My knowledge and experience with hip hop culture I must confess is woefully limited. For this I wish to make a sincere apology.
William (Bill) Keith, my father and an enduring archetype of the starving artist, as a painter, visual poet, and music aficionado took great pains to warn about the dangers of arriving too late to this party.
He felt that rap and hip hop was highly engrossing on every level. Much like gospel music, the blues, jazz, and funk had once done, this new genre was richly chronicling life in a large segment of black America. From his perspective both as an artist, father, and spiritual teacher it would be a misdeed of sorts to completely ignore it. Though he has since passed on, I think that my father was most certainly correct.
Bill believed, that a person must strive to remain connected to a dual heritage of black culture and spirituality in an effort to prevent a loss of identity, character formation, and purpose.
Could it be because we can never really escape for long that nagging question of "who am I?" It seems as though whenever we manage to ignore this question for too long, time abruptly stops. There's no longer any sense of the past, nor of the future. This dead space is otherwise referred to as the "dark night of the soul."
Dark night of the soul" sounds like a threatening and much to be avoided experience. Yet perhaps a quarter of the seekers on the road to higher consciousness will pass through the dark night. In fact, they may pass through several until they experience the profound joy of their true nature.
Many seekers would encourage the dark night experience if they knew what it was. However, to one engaged in the dark night, suffering seems unending. - The Mystic Org (http://www.themystic.org/dark-night/)
Once there, you are more or less suspended. I found it inordinately difficult to change coordinates, make progress or to be transformed. This is the great discontent, the prospect of indecision, powerlessness or surrender.
There I was at the station getting on that same bus everyday, repeating the lonely ride to conformity and complacency.
The first sobering thought that would eventually come to my mind was the delayed recognition that I quite deliberately chose this course. But why, what was I thinking?
It began precisely with a clear and rational mindset that focused on the scripted life of that of a banking professional, reserved and rather emotionally contained. What better way could there be for a former child welfare recipient? Oh Lord, please don't let me be misunderstood. The greatest desire was simply to make good.
Unfortunately, as it turns out the choices that I innocently made, the methods that I embraced, and the people that I followed ultimately lead me away from the very things that came most naturally to me. The deafening sound that this has emitted is like that of someone attempting to bowl by using a cinder block. There's been nothing rhythmic or sweet sounding about it. Many things and people were on occasion left in ill repair.

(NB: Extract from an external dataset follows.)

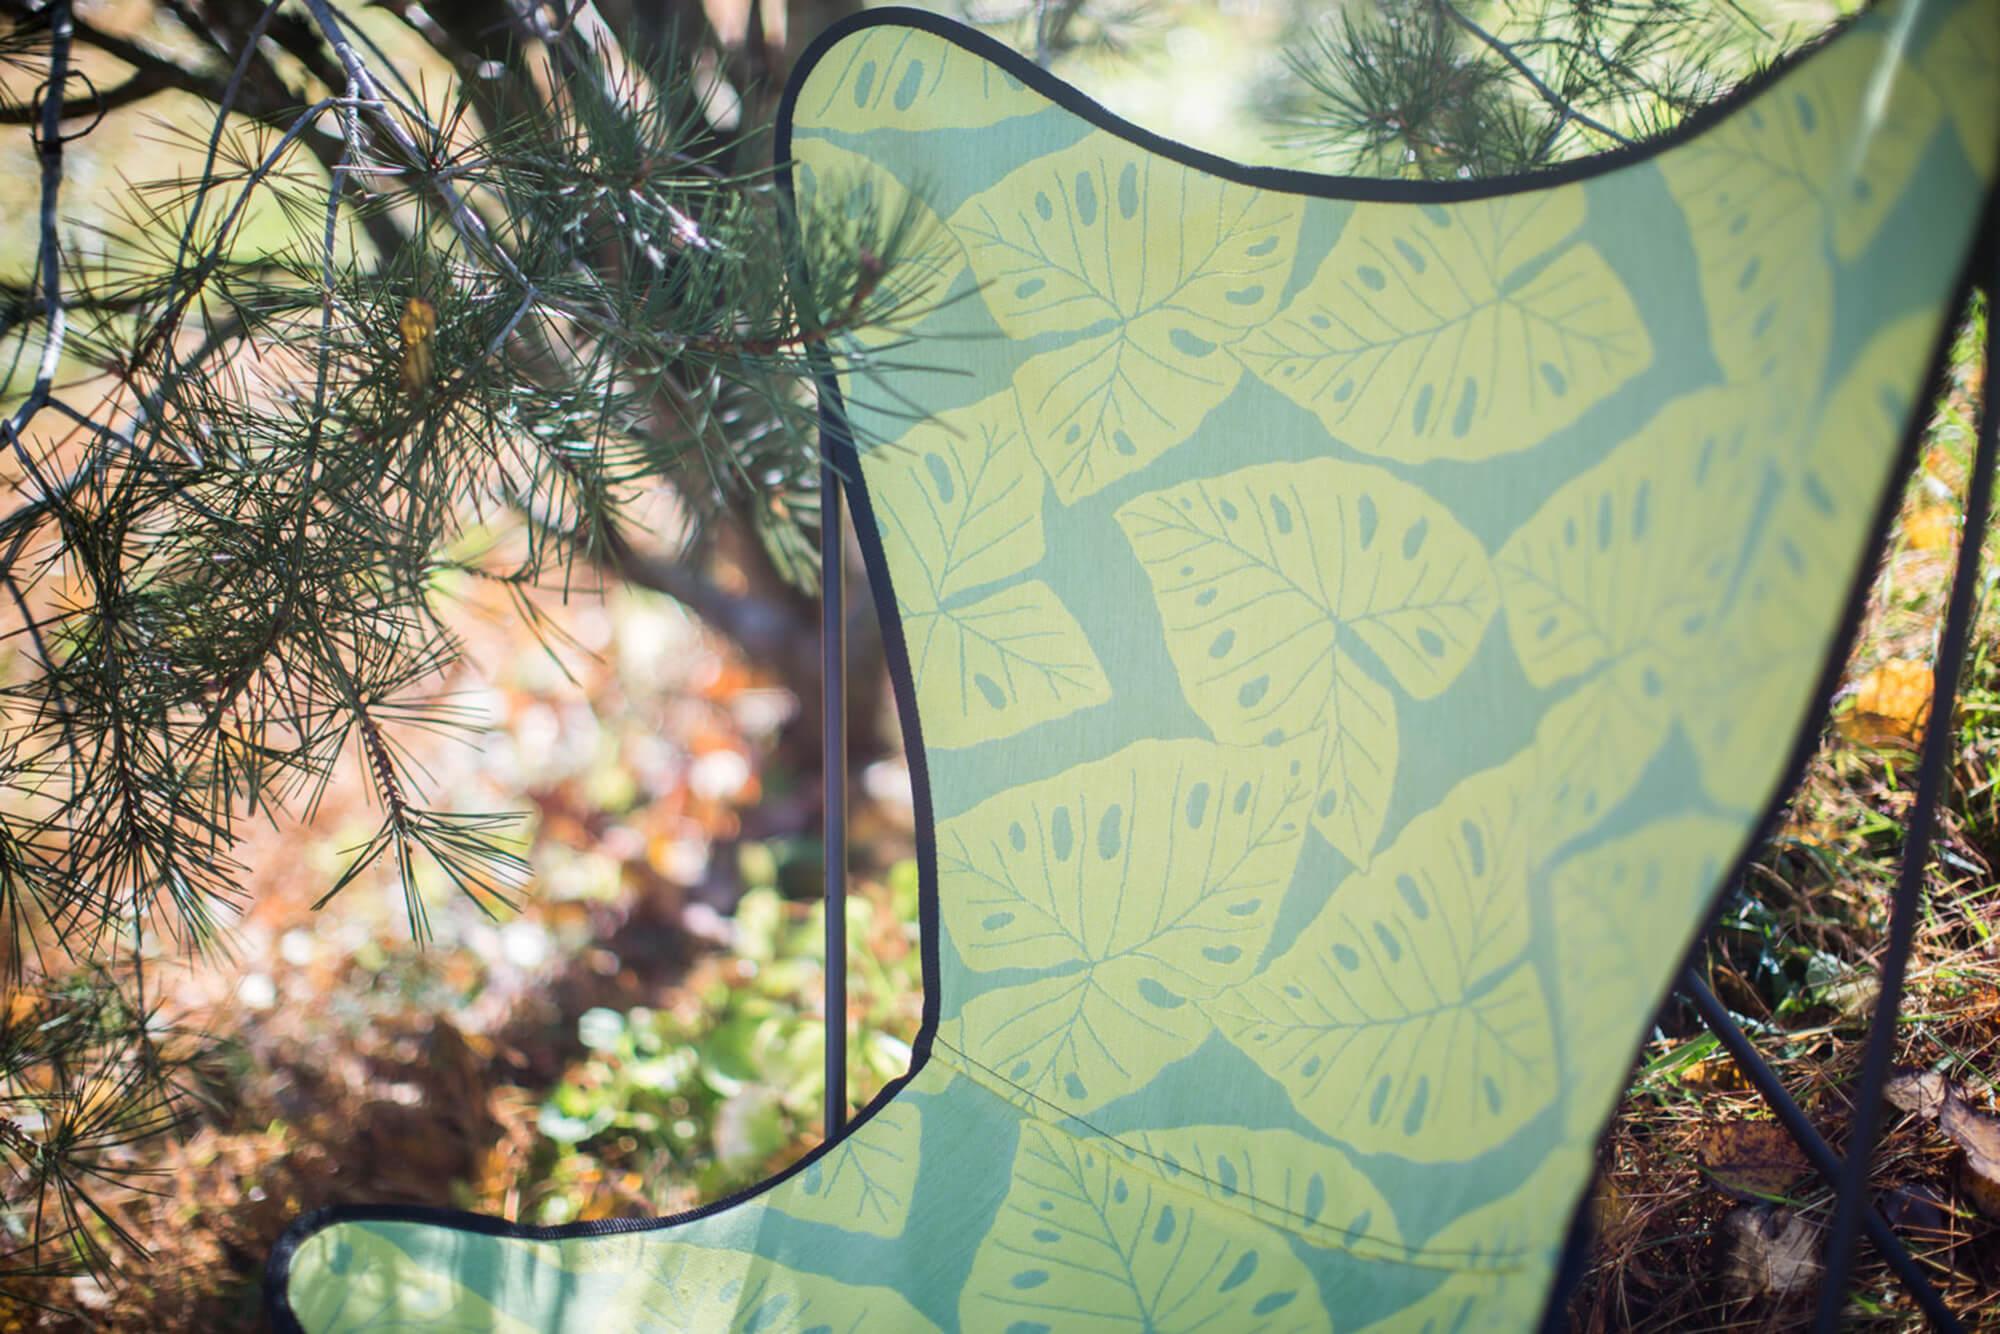 Cận cảnh ghế hình cánh bướm với vải Radiant Kiwi từ bộ sưu tập Sunbrella Shift

Frankly, I should have known better. I was previously schooled by very knowledgeable teachers on the seven core principles of Kwanzaa (created by Maulana Karenga). Kwanzaa celebrates what its founder called the seven principles of Kwanzaa, or Nguzo Saba (originally Nguzu Saba—the seven principles of African Heritage), which Karenga said "is a communitarian African philosophy,"
consisting of what Karenga called "the best of African thought and
practice in constant exchange with the world." These seven principles
comprise *Kawaida, a Swahili term for tradition and reason. Each of the seven days of Kwanzaa is dedicated to one of the following principles, as follows:
- Umoja (Unity): To strive for and to maintain unity in the family, community, nation, and race.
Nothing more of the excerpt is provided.